### EXERCISE BRIEF
In the listing below, find the line with "最終的にせっかち無声で(ロータス)LOTUS 日本製 ピロカバー" and the line with "Hôtel Et Chambre", then return them and every line between them exactly, minus the pictures.

### DATA PROVIDED

═══

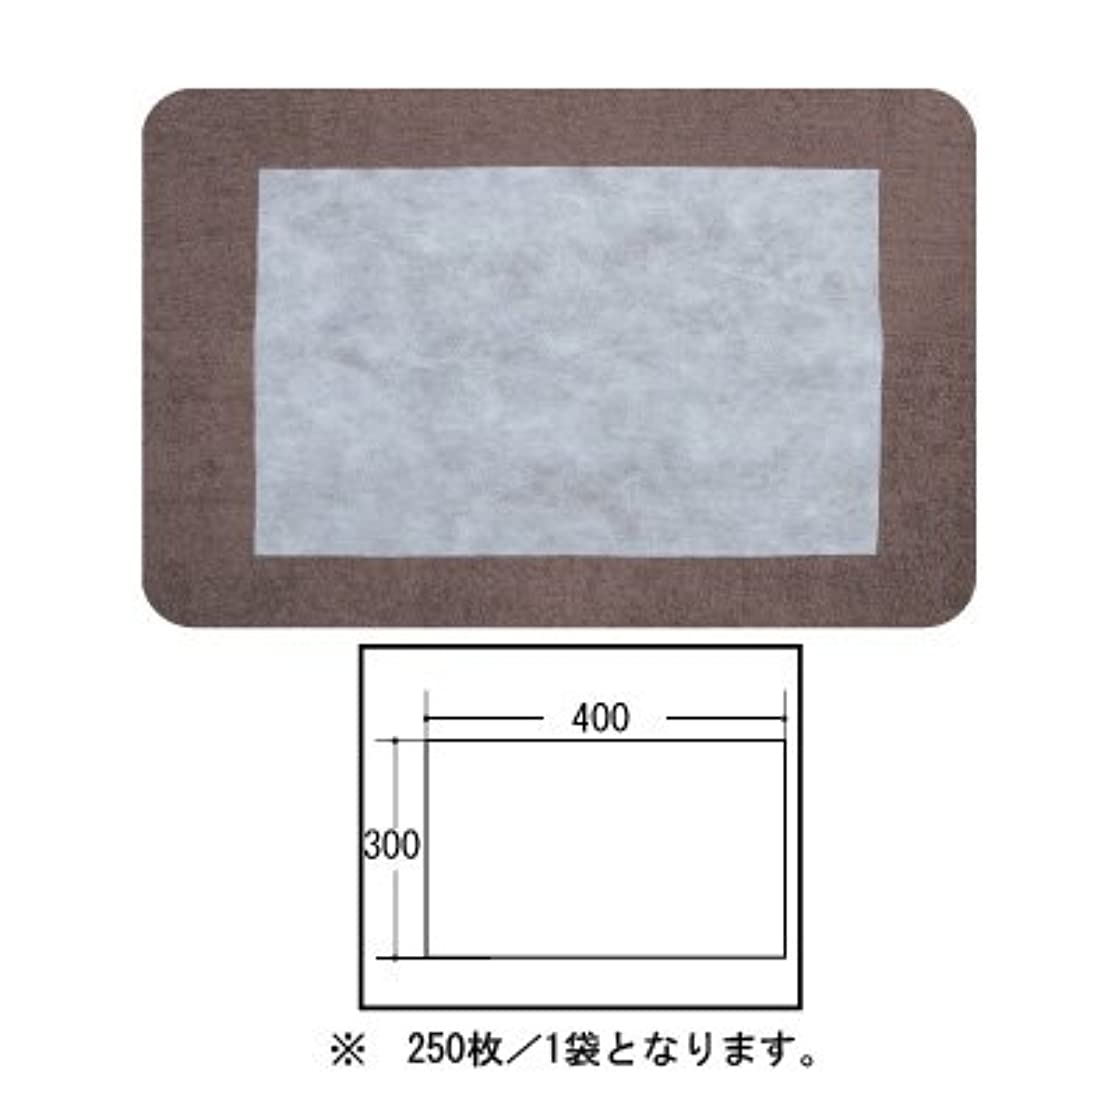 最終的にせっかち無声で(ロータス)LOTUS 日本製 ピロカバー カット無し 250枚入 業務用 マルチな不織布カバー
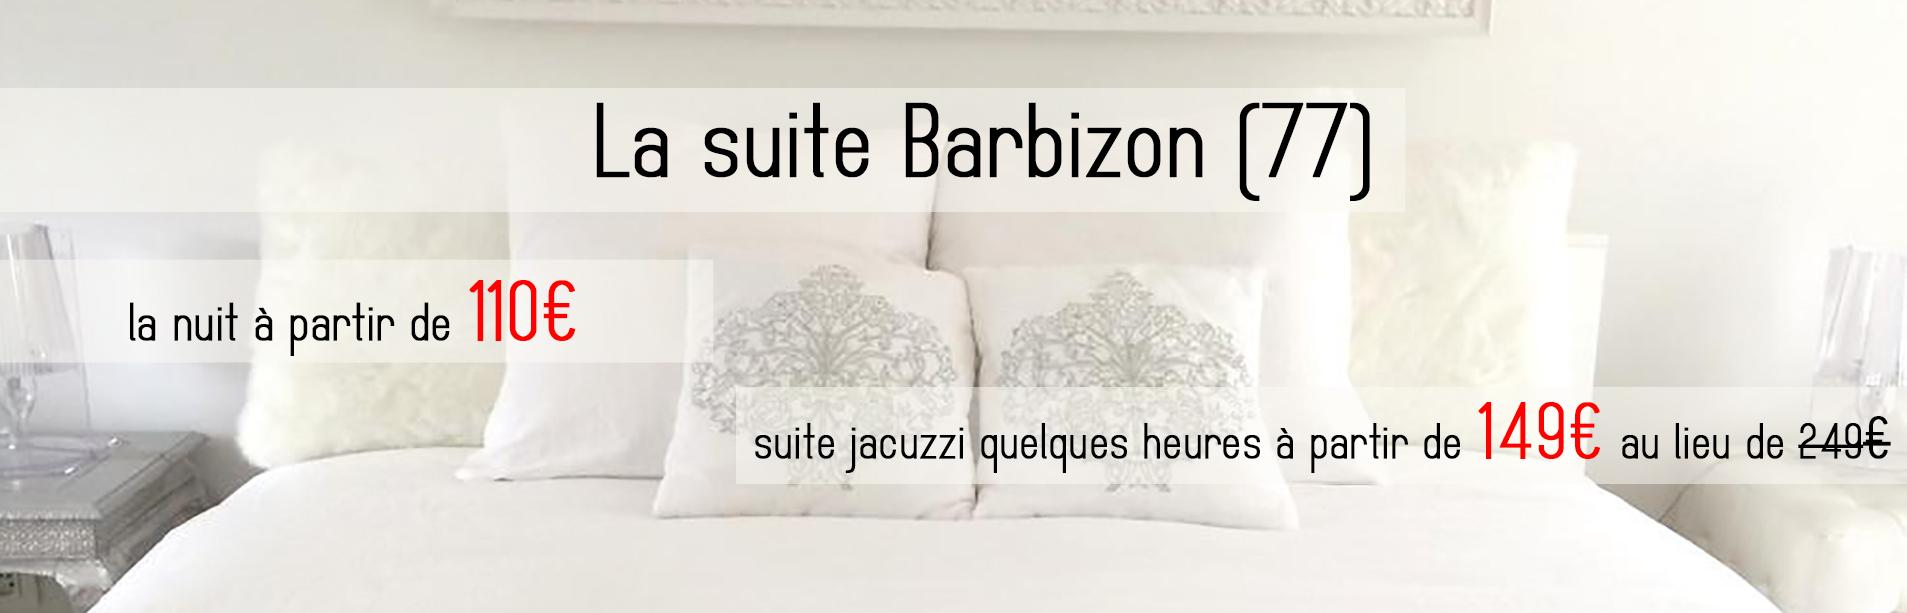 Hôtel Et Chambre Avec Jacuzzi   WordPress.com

═══

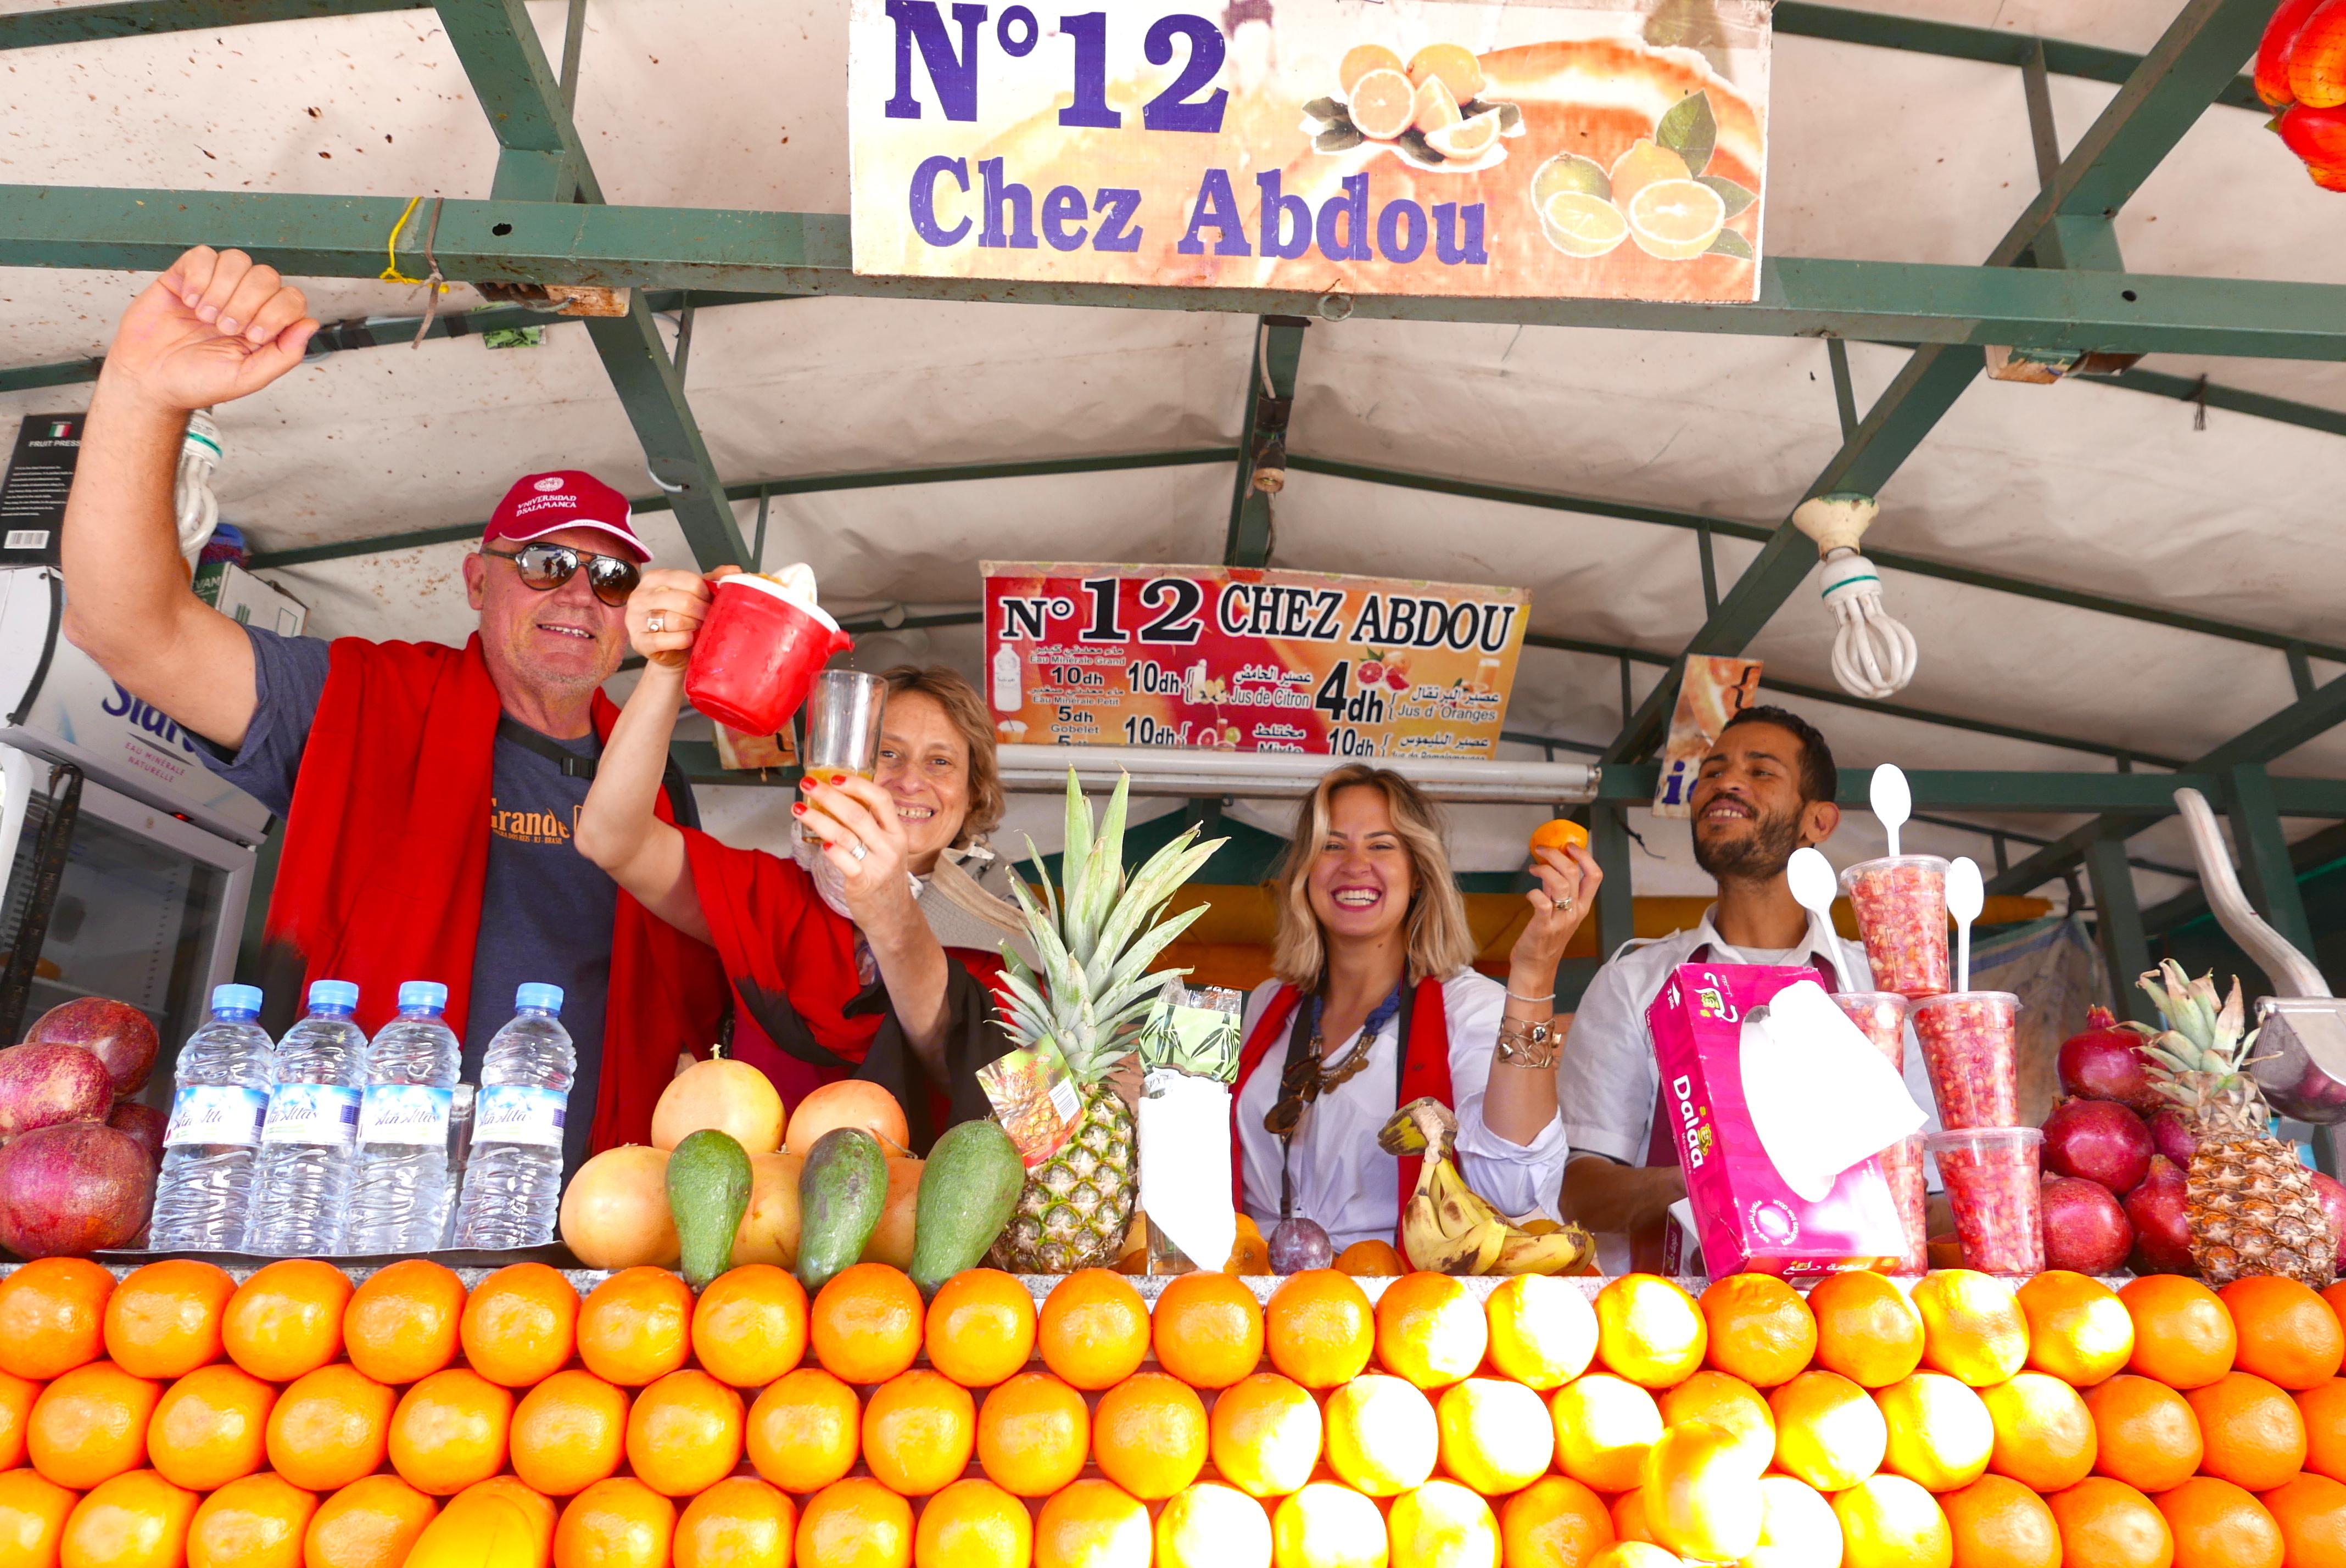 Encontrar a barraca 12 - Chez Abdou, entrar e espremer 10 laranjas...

═══

### OUTPUT OF THE EXERCISE
 最終的にせっかち無声で(ロータス)LOTUS 日本製 ピロカバー カット無し 250枚入 業務用 マルチな不織布カバー
 Hôtel Et Chambre Avec Jacuzzi   WordPress.com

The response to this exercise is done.